所以她要自己的性命握在自己手裡,要這盤爾虞我詐的棋局贏手是她。
而齊家世子齊少虞,就是她在鍾延川和岑鳶的那盤棋局上,要下的第一子。
可是她錯了。
她忘了自己一個連武功都不會的人怎麼會救得出齊少虞,也忘了她空有一把匕首,又如何能打得過死士。

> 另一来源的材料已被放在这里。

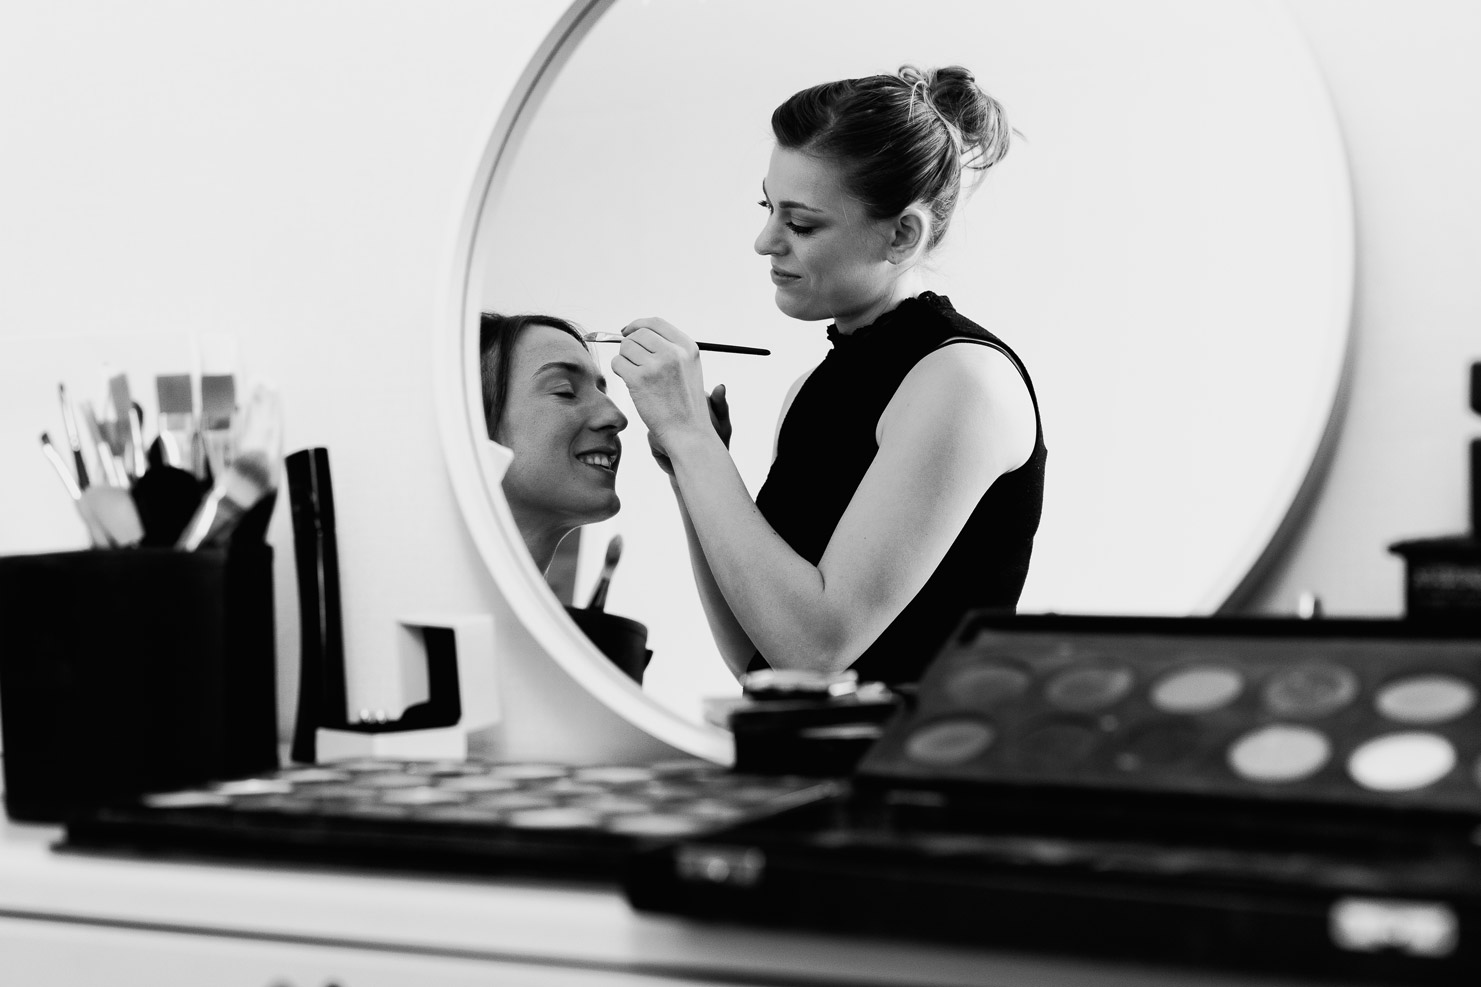 Hotel Royal Saint Mart Royat Clermont Ferrand Maquillage de la mariée, très belle photo

當那柄薄薄的利劍刺入腹部的時候,鍾毓忽然有一瞬間想笑。
她笑自己方才在門外所想過的一切都只是她的妄想,她笑自己自不量力,竟然妄圖救出齊少虞。
她只記得蚍蜉撼大樹,卻忘了下一句,竟是可笑不自量。
「所以鍾毓,你如此不顧性命地要將自己置於危險之中——」
鍾毓忽地回過神,卻見男人此刻正撐在自己上方,眸色深深地看著自己。
「只是因為......」他低低出聲,眉眼間卻無半分暖色,「你不信我。」
「因為在你心裡,我自始至終都是那位為了目的而不惜娶了你的太傅大人。」
「你猜到了此次流放是我與皇帝同謀,也猜到了我來連山另有緣由,你甚至還猜到了我的目標是鍾延川。」
「但你不想做一個被動地存在於鍾延川和我之間的棋子,也無心參與到朝廷之間的紛爭中去,你只想離開這些會危及你性命的事情,想全身而退。」
「所以你才會在明知房內除了齊少虞還有一人的時候,仍然決定推開房門,因為你想將一年前齊小世子那樁案子的真相捏在自己手裡。」
「你心裡十分清楚,不論是三年前的章行舟,還是一年前的齊少虞,這兩樁案件中任取其一,都能成為要挾我和鍾延川的把柄。」
「鍾毓。」男人忽然不知為何眯了眯眼,而後喚了一聲她的名字,「你覺得你需要一枚護身符,對嗎?」
床上人的臉色早在岑鳶說出「你不信我」的時候已然變得蒼白,隨著岑鳶的話音落下,鍾毓面上的血色已然全數褪去。
她看著自己上方面無表情說出藏在她心底最深處秘密的男人,一雙眼裡滿是倉惶。
「那夜你就站在這房中,知道了三年前章行舟的案子後,便想試探我來連山的真正目的。」
岑鳶看著鍾毓血色盡失的臉,知道她是因為自己將一切都挑明之後的緣故。可即便他此刻因為鍾毓的神情而心尖一痛,但口中卻依舊接著方才的話,繼續說了下去。